Courts clear the way for MRT 7 depot

mrt 7

ALL GO A worker at the construction site for the 22.8-kilometer MRT 7. —GRIG C. MONTEGRANDE

MANILA, Philippines — Two Quezon City regional trial courts  have issued the Department of Transportation (DOTr) and its concessionaire, SMC Mass Rail Transit 7 Inc. (SMRT7), writs of possession to allow them to formally begin construction work for the MRT 7 depot in Quezon City.

Apart from the issuance of the writs, the department said it has formally begun construction in the 20-hectare depot site along Quirino Highway in Barangay Lagro on Tuesday.

According to documents provided to the Inquirer, the site was previously owned by real estate developer Century Communities Corp., which offered to sell the property at P394 million based on the appraised value of P3,600 per square meter.

The writs of possession, issued by Branch 92 and 98 in Nov. 22 and 25, respectively, stemmed from the expropriation cases filed by the department and SMRT7 via the Office of the Solicitor General.

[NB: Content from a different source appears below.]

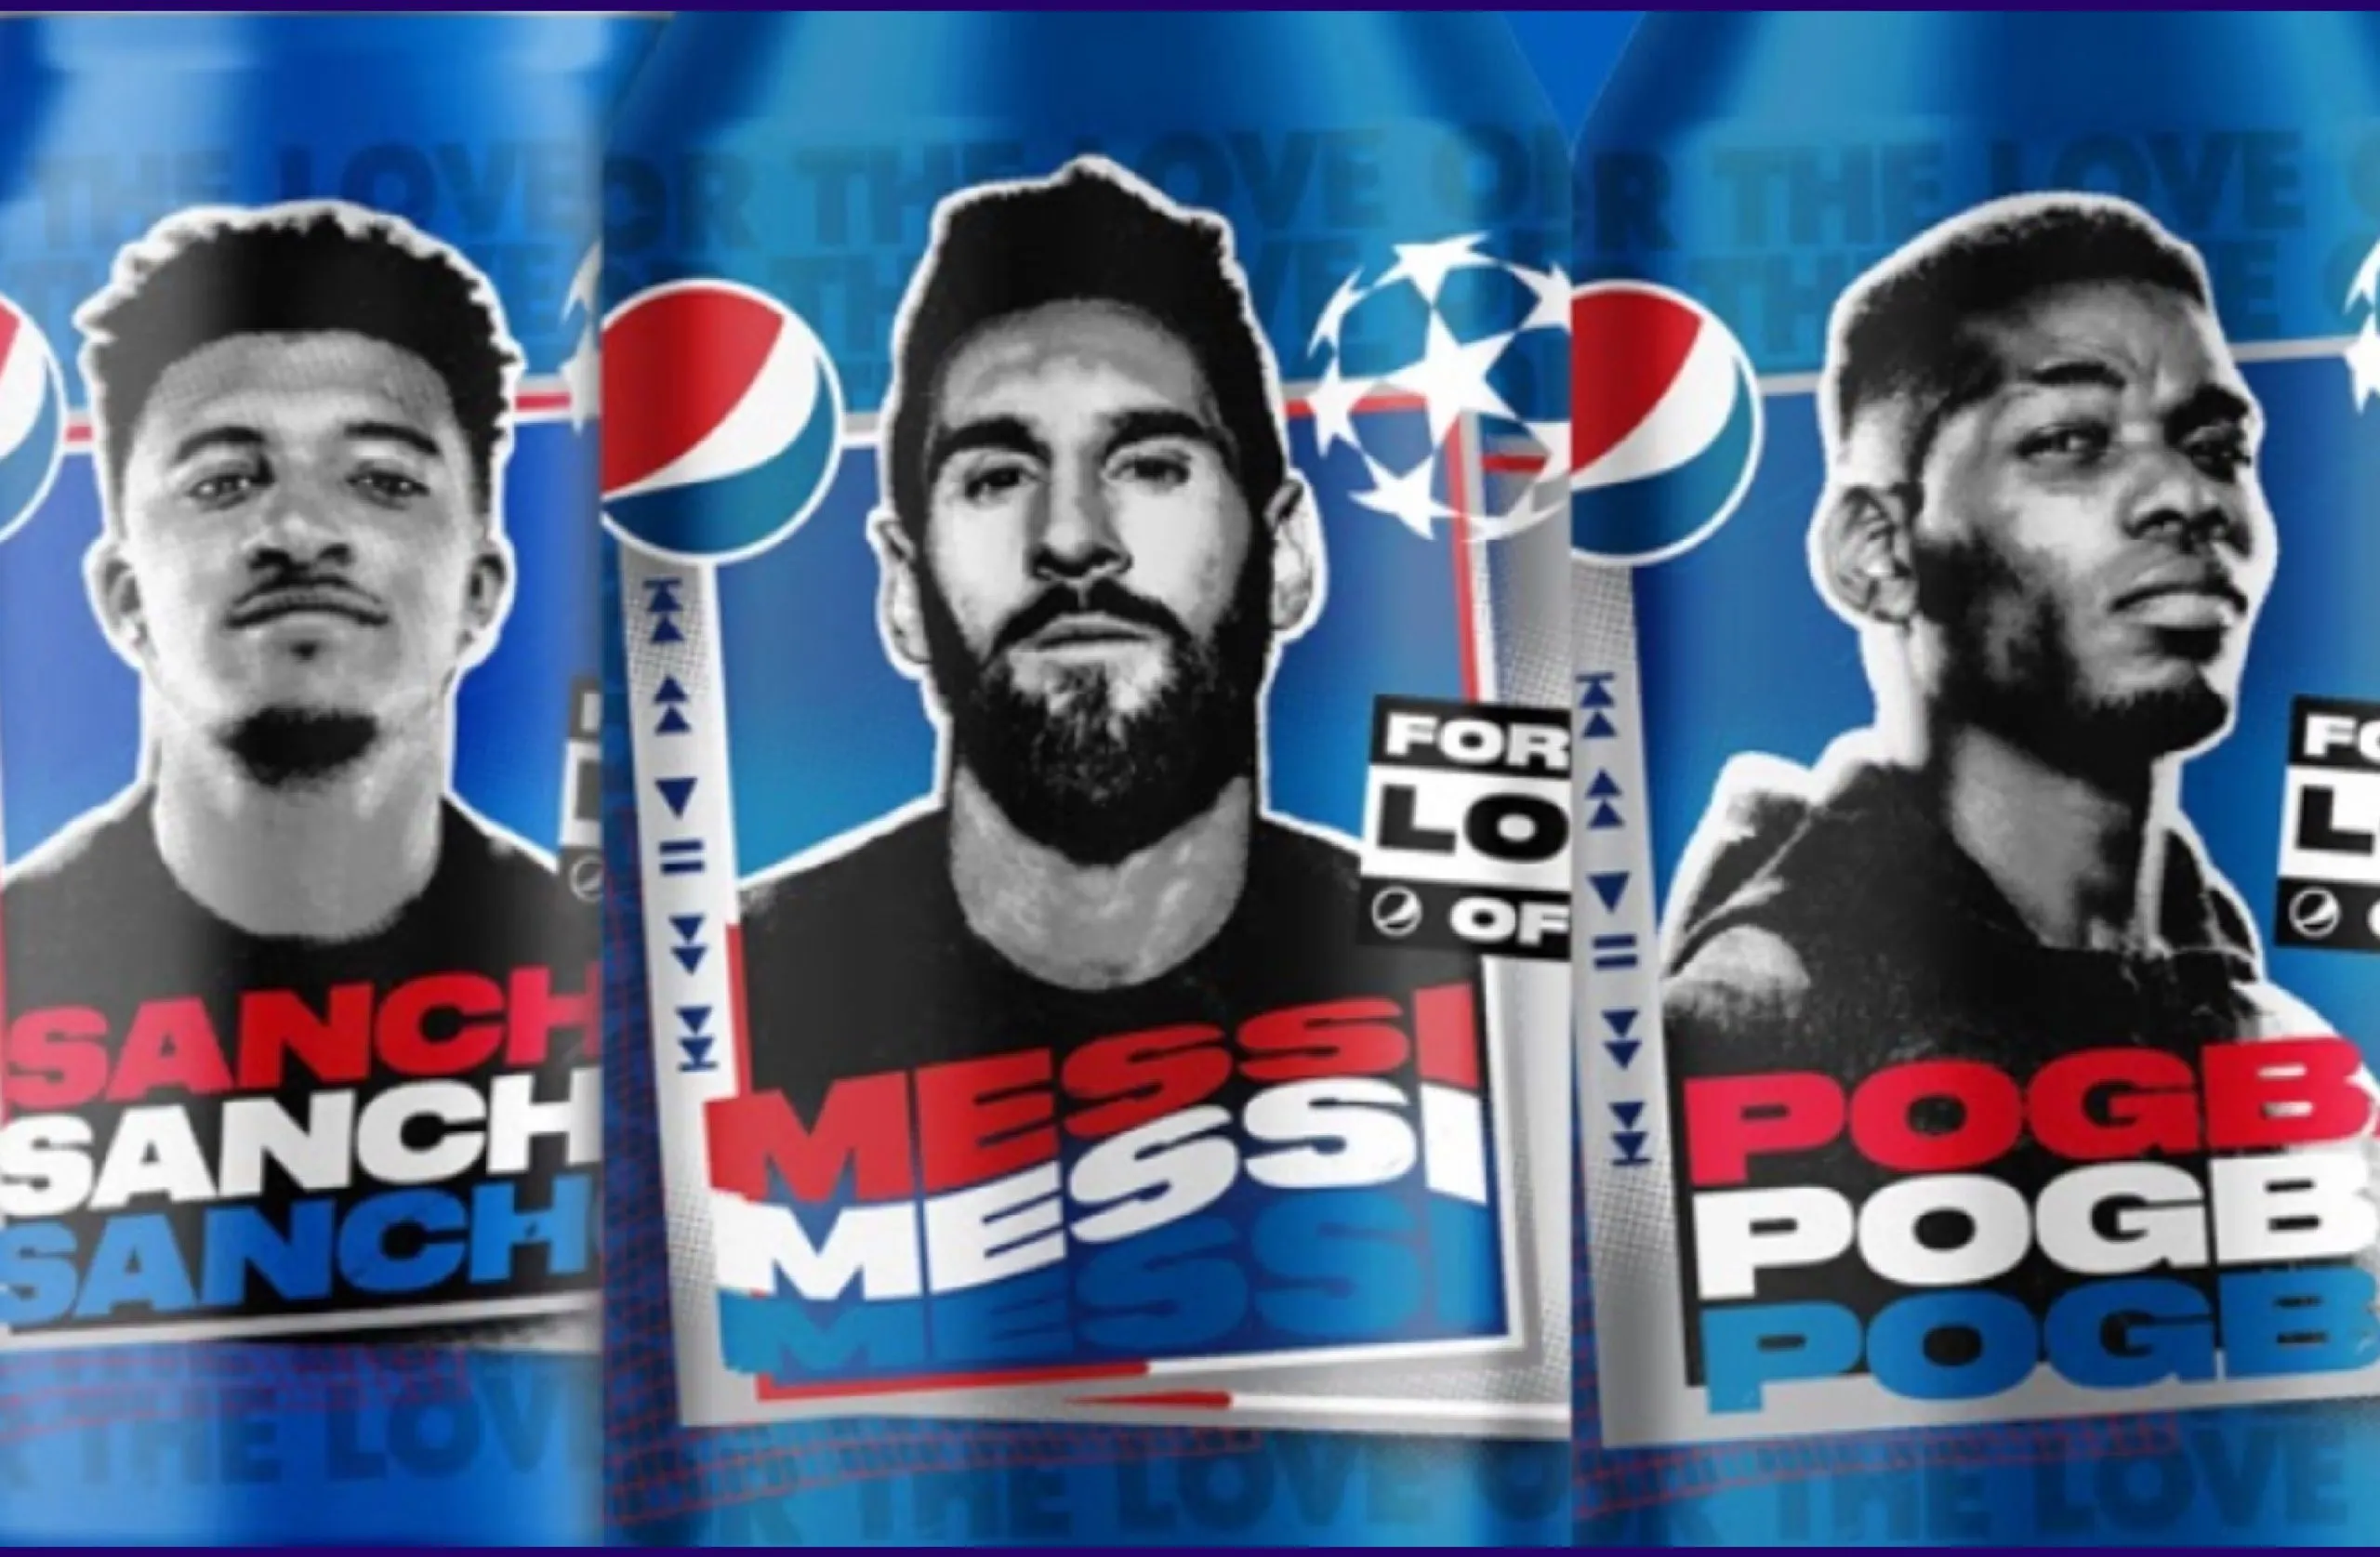 Pepsi ad feat. Messi, Pogba and Sancho

A writ of possession is a writ of execution commanding the court sheriff to enter the land and hand over its possession to the party—in this case, the government—entitled under the judgment.

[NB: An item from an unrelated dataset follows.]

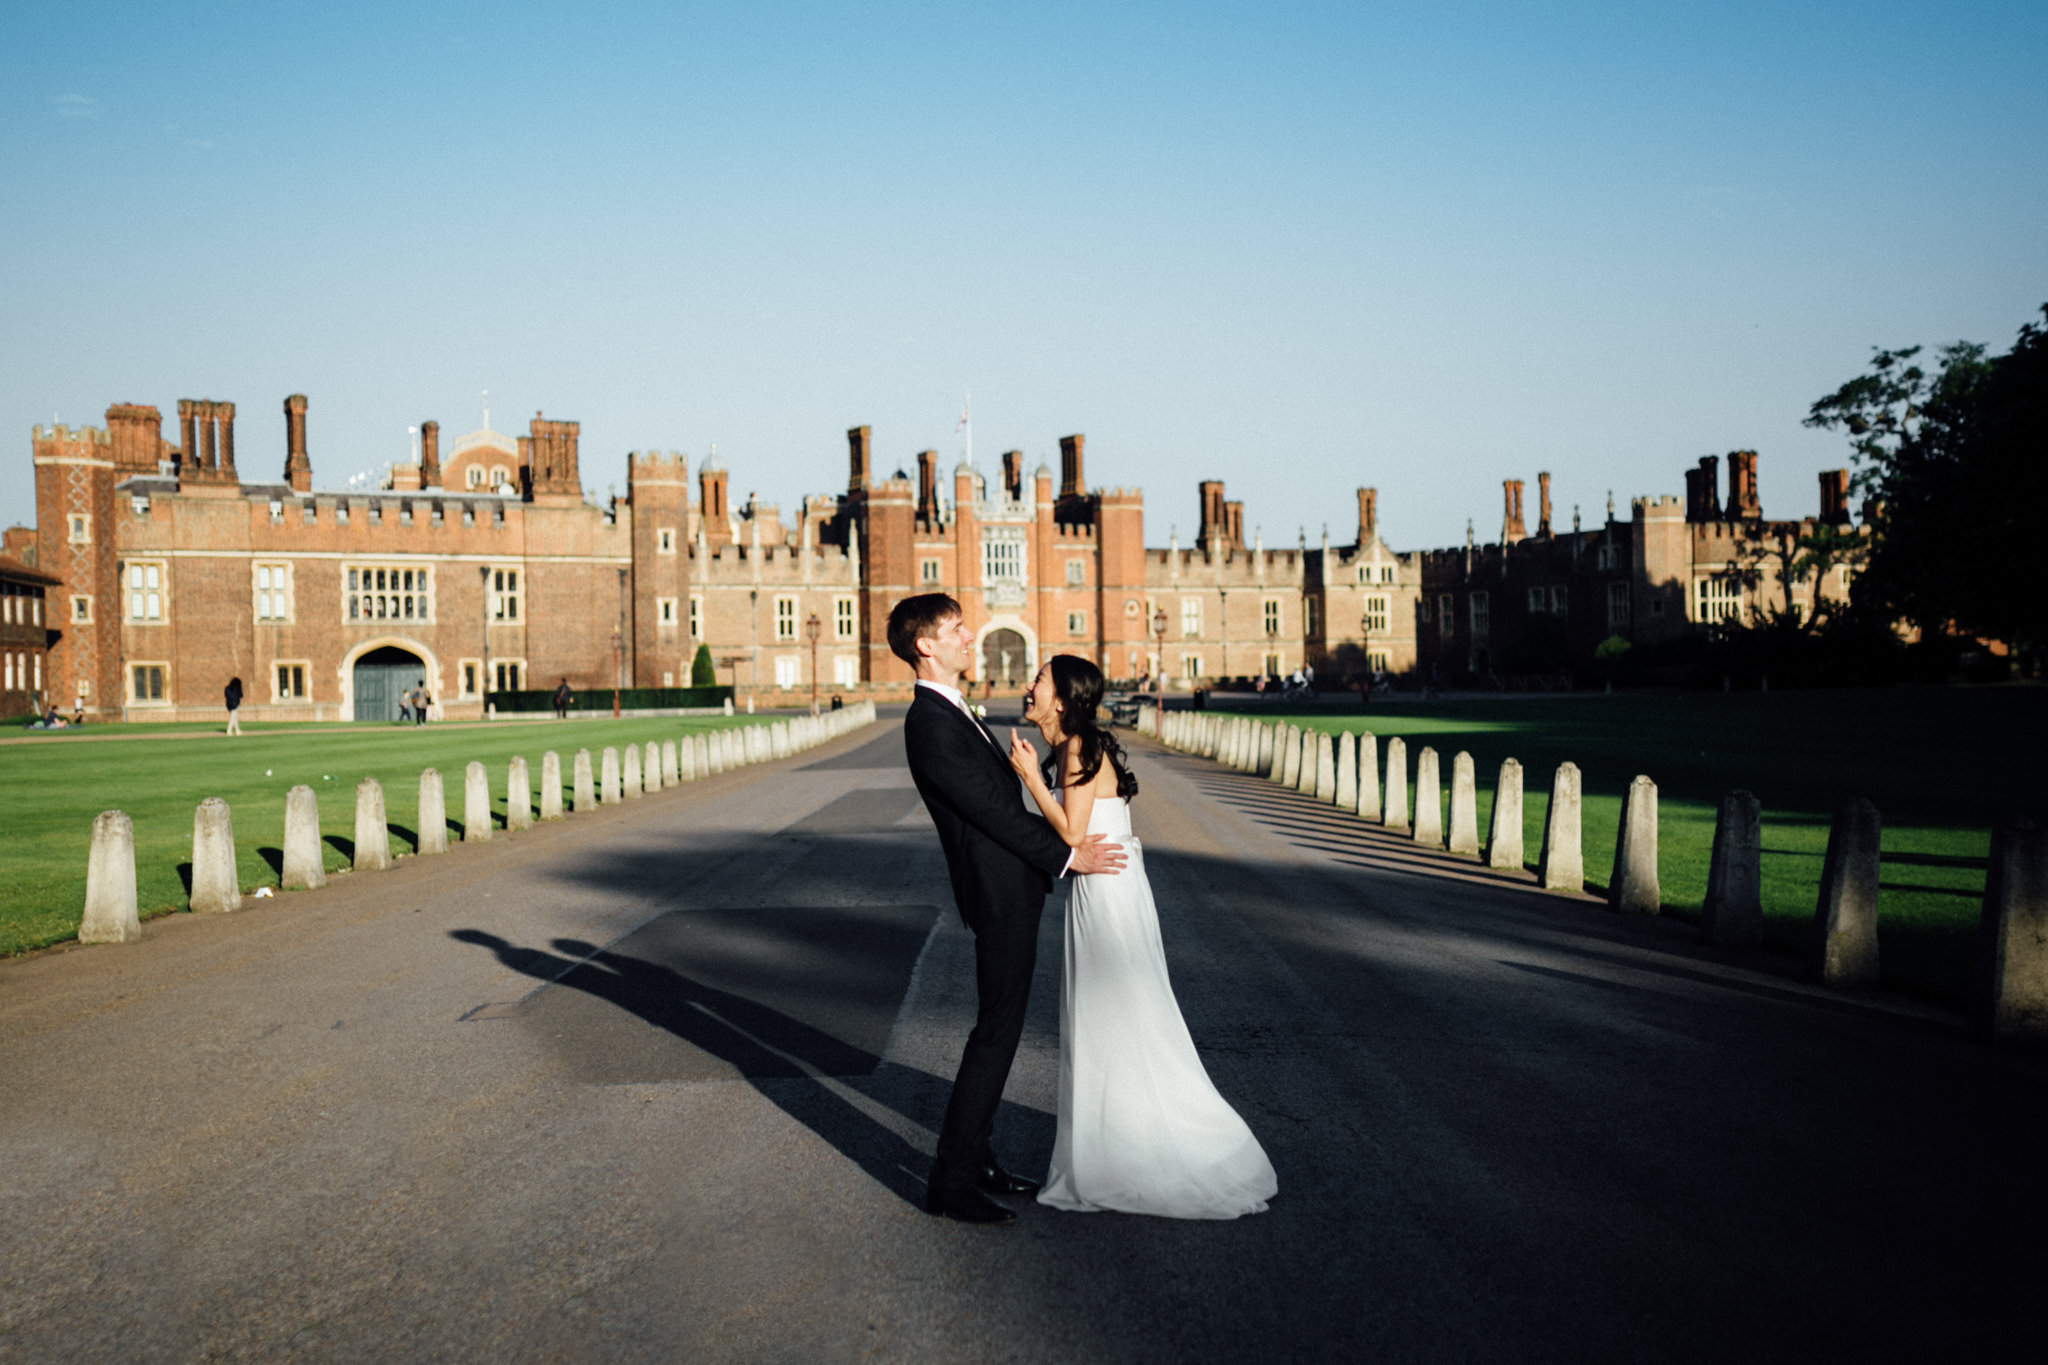 documentary wedding photography london and brighton speeches hampton court palace

The court rulings also end the DOTr’s two-year struggle to acquire a depot site for the much-delayed MRT 7, which would connect Bulacan to Quezon City in under 34 minutes.

The department and SMRT7 earlier attempted to secure a 33-ha lot in San Jose del Monte for the depot, but failed after a Malolos court effectively raised the zonal valuation there by nearly 900 percent.

In a statement, Transportation Secretary Arthur Tugade said construction work for the much-delayed depot “signifies much more than a dot in the timeline of the project… It shows us that when the judiciary works hand in hand with the executive department, we are able to pick up speed in delivering infrastructure development.”

The 23-km MRT 7 railway is currently 49 percent complete and is scheduled to begin partial operations in 2021. Once operational, it is expected to ferry between 300,000 to 850,000 passengers per day.